_Exercise_: Make an exact copy of every entry.

── Entries shown

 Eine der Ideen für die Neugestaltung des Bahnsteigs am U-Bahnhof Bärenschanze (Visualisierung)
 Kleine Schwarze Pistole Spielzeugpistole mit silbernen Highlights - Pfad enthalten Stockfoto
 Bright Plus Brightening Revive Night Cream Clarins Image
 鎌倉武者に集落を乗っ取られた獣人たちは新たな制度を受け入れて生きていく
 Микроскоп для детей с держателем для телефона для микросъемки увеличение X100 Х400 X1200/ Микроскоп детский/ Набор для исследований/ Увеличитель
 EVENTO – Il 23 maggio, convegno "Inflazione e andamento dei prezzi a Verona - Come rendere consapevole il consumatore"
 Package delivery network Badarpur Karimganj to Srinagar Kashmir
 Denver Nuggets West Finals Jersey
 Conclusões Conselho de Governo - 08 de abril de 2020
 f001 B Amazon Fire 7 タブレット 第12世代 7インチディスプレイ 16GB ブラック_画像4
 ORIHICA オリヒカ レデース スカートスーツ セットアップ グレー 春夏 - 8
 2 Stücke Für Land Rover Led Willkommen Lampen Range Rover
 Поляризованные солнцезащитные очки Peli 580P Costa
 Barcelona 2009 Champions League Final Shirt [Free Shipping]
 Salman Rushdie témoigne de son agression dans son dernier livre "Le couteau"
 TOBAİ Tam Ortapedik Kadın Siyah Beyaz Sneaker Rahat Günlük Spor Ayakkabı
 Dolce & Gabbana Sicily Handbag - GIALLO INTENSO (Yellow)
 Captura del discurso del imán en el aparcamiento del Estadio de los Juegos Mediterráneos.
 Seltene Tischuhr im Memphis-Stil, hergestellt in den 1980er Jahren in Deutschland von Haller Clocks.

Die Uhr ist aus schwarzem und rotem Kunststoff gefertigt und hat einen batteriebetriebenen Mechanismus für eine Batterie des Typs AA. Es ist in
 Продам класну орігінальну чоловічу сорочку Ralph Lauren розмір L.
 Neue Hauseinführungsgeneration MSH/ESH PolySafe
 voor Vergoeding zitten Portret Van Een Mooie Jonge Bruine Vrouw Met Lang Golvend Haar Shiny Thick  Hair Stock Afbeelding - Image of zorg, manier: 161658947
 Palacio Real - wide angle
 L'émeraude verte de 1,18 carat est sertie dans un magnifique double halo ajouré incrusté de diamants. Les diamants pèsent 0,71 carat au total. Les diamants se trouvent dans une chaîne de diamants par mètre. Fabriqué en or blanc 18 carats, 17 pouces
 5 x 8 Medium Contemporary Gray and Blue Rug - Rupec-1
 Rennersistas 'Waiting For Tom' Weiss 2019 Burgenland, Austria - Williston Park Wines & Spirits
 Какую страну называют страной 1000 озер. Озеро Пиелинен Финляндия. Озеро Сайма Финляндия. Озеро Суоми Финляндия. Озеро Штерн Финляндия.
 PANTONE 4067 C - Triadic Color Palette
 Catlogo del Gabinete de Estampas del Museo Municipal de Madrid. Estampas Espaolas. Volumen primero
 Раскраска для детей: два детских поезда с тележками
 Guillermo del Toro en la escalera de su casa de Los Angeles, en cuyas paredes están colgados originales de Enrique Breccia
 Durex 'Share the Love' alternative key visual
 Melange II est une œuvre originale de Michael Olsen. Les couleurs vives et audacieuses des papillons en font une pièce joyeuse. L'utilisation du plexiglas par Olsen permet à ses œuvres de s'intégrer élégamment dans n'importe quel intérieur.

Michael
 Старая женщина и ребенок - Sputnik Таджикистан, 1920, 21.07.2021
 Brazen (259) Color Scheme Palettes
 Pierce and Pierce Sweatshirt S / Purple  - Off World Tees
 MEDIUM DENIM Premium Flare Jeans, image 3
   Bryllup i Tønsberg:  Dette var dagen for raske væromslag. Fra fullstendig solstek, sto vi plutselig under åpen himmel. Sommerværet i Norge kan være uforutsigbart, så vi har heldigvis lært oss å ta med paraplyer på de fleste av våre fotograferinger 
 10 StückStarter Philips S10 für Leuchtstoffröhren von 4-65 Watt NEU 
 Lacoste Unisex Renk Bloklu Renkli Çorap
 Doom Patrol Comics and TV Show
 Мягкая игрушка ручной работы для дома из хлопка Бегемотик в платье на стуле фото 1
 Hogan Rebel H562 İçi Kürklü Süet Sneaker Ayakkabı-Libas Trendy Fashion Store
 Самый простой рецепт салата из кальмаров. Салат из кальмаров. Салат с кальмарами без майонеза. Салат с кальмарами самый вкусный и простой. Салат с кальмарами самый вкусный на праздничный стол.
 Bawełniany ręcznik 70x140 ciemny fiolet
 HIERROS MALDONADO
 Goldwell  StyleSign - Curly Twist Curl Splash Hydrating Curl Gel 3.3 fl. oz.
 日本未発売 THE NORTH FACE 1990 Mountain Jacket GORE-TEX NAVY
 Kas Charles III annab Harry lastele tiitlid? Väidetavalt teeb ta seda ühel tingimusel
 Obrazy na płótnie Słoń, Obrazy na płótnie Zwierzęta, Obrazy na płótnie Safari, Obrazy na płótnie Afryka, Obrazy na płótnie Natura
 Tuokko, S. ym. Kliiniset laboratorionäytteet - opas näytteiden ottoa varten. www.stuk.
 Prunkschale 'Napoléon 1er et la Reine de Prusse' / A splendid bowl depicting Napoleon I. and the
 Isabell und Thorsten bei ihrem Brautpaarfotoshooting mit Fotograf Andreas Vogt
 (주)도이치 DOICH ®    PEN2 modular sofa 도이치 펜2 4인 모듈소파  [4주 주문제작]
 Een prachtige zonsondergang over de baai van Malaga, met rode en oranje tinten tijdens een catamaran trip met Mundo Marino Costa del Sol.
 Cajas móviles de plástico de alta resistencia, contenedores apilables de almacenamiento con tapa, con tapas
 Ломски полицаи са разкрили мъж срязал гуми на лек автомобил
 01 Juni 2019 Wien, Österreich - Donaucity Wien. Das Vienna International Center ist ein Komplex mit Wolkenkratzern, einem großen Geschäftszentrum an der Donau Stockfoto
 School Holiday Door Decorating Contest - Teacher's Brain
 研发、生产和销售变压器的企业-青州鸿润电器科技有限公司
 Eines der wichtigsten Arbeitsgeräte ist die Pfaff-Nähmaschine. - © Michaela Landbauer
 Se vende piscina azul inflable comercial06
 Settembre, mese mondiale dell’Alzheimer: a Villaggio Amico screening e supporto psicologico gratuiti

────

_Response area_:
 Eine der Ideen für die Neugestaltung des Bahnsteigs am U-Bahnhof Bärenschanze (Visualisierung)
 Kleine Schwarze Pistole Spielzeugpistole mit silbernen Highlights - Pfad enthalten Stockfoto
 Bright Plus Brightening Revive Night Cream Clarins Image
 鎌倉武者に集落を乗っ取られた獣人たちは新たな制度を受け入れて生きていく
 Микроскоп для детей с держателем для телефона для микросъемки увеличение X100 Х400 X1200/ Микроскоп детский/ Набор для исследований/ Увеличитель
 EVENTO – Il 23 maggio, convegno "Inflazione e andamento dei prezzi a Verona - Come rendere consapevole il consumatore"
 Package delivery network Badarpur Karimganj to Srinagar Kashmir
 Denver Nuggets West Finals Jersey
 Conclusões Conselho de Governo - 08 de abril de 2020
 f001 B Amazon Fire 7 タブレット 第12世代 7インチディスプレイ 16GB ブラック_画像4
 ORIHICA オリヒカ レデース スカートスーツ セットアップ グレー 春夏 - 8
 2 Stücke Für Land Rover Led Willkommen Lampen Range Rover
 Поляризованные солнцезащитные очки Peli 580P Costa
 Barcelona 2009 Champions League Final Shirt [Free Shipping]
 Salman Rushdie témoigne de son agression dans son dernier livre "Le couteau"
 TOBAİ Tam Ortapedik Kadın Siyah Beyaz Sneaker Rahat Günlük Spor Ayakkabı
 Dolce & Gabbana Sicily Handbag - GIALLO INTENSO (Yellow)
 Captura del discurso del imán en el aparcamiento del Estadio de los Juegos Mediterráneos.
 Seltene Tischuhr im Memphis-Stil, hergestellt in den 1980er Jahren in Deutschland von Haller Clocks.

Die Uhr ist aus schwarzem und rotem Kunststoff gefertigt und hat einen batteriebetriebenen Mechanismus für eine Batterie des Typs AA. Es ist in
 Продам класну орігінальну чоловічу сорочку Ralph Lauren розмір L.
 Neue Hauseinführungsgeneration MSH/ESH PolySafe
 voor Vergoeding zitten Portret Van Een Mooie Jonge Bruine Vrouw Met Lang Golvend Haar Shiny Thick  Hair Stock Afbeelding - Image of zorg, manier: 161658947
 Palacio Real - wide angle
 L'émeraude verte de 1,18 carat est sertie dans un magnifique double halo ajouré incrusté de diamants. Les diamants pèsent 0,71 carat au total. Les diamants se trouvent dans une chaîne de diamants par mètre. Fabriqué en or blanc 18 carats, 17 pouces
 5 x 8 Medium Contemporary Gray and Blue Rug - Rupec-1
 Rennersistas 'Waiting For Tom' Weiss 2019 Burgenland, Austria - Williston Park Wines & Spirits
 Какую страну называют страной 1000 озер. Озеро Пиелинен Финляндия. Озеро Сайма Финляндия. Озеро Суоми Финляндия. Озеро Штерн Финляндия.
 PANTONE 4067 C - Triadic Color Palette
 Catlogo del Gabinete de Estampas del Museo Municipal de Madrid. Estampas Espaolas. Volumen primero
 Раскраска для детей: два детских поезда с тележками
 Guillermo del Toro en la escalera de su casa de Los Angeles, en cuyas paredes están colgados originales de Enrique Breccia
 Durex 'Share the Love' alternative key visual
 Melange II est une œuvre originale de Michael Olsen. Les couleurs vives et audacieuses des papillons en font une pièce joyeuse. L'utilisation du plexiglas par Olsen permet à ses œuvres de s'intégrer élégamment dans n'importe quel intérieur.

Michael
 Старая женщина и ребенок - Sputnik Таджикистан, 1920, 21.07.2021
 Brazen (259) Color Scheme Palettes
 Pierce and Pierce Sweatshirt S / Purple  - Off World Tees
 MEDIUM DENIM Premium Flare Jeans, image 3
   Bryllup i Tønsberg:  Dette var dagen for raske væromslag. Fra fullstendig solstek, sto vi plutselig under åpen himmel. Sommerværet i Norge kan være uforutsigbart, så vi har heldigvis lært oss å ta med paraplyer på de fleste av våre fotograferinger 
 10 StückStarter Philips S10 für Leuchtstoffröhren von 4-65 Watt NEU 
 Lacoste Unisex Renk Bloklu Renkli Çorap
 Doom Patrol Comics and TV Show
 Мягкая игрушка ручной работы для дома из хлопка Бегемотик в платье на стуле фото 1
 Hogan Rebel H562 İçi Kürklü Süet Sneaker Ayakkabı-Libas Trendy Fashion Store
 Самый простой рецепт салата из кальмаров. Салат из кальмаров. Салат с кальмарами без майонеза. Салат с кальмарами самый вкусный и простой. Салат с кальмарами самый вкусный на праздничный стол.
 Bawełniany ręcznik 70x140 ciemny fiolet
 HIERROS MALDONADO
 Goldwell  StyleSign - Curly Twist Curl Splash Hydrating Curl Gel 3.3 fl. oz.
 日本未発売 THE NORTH FACE 1990 Mountain Jacket GORE-TEX NAVY
 Kas Charles III annab Harry lastele tiitlid? Väidetavalt teeb ta seda ühel tingimusel
 Obrazy na płótnie Słoń, Obrazy na płótnie Zwierzęta, Obrazy na płótnie Safari, Obrazy na płótnie Afryka, Obrazy na płótnie Natura
 Tuokko, S. ym. Kliiniset laboratorionäytteet - opas näytteiden ottoa varten. www.stuk.
 Prunkschale 'Napoléon 1er et la Reine de Prusse' / A splendid bowl depicting Napoleon I. and the
 Isabell und Thorsten bei ihrem Brautpaarfotoshooting mit Fotograf Andreas Vogt
 (주)도이치 DOICH ®    PEN2 modular sofa 도이치 펜2 4인 모듈소파  [4주 주문제작]
 Een prachtige zonsondergang over de baai van Malaga, met rode en oranje tinten tijdens een catamaran trip met Mundo Marino Costa del Sol.
 Cajas móviles de plástico de alta resistencia, contenedores apilables de almacenamiento con tapa, con tapas
 Ломски полицаи са разкрили мъж срязал гуми на лек автомобил
 01 Juni 2019 Wien, Österreich - Donaucity Wien. Das Vienna International Center ist ein Komplex mit Wolkenkratzern, einem großen Geschäftszentrum an der Donau Stockfoto
 School Holiday Door Decorating Contest - Teacher's Brain
 研发、生产和销售变压器的企业-青州鸿润电器科技有限公司
 Eines der wichtigsten Arbeitsgeräte ist die Pfaff-Nähmaschine. - © Michaela Landbauer
 Se vende piscina azul inflable comercial06
 Settembre, mese mondiale dell’Alzheimer: a Villaggio Amico screening e supporto psicologico gratuiti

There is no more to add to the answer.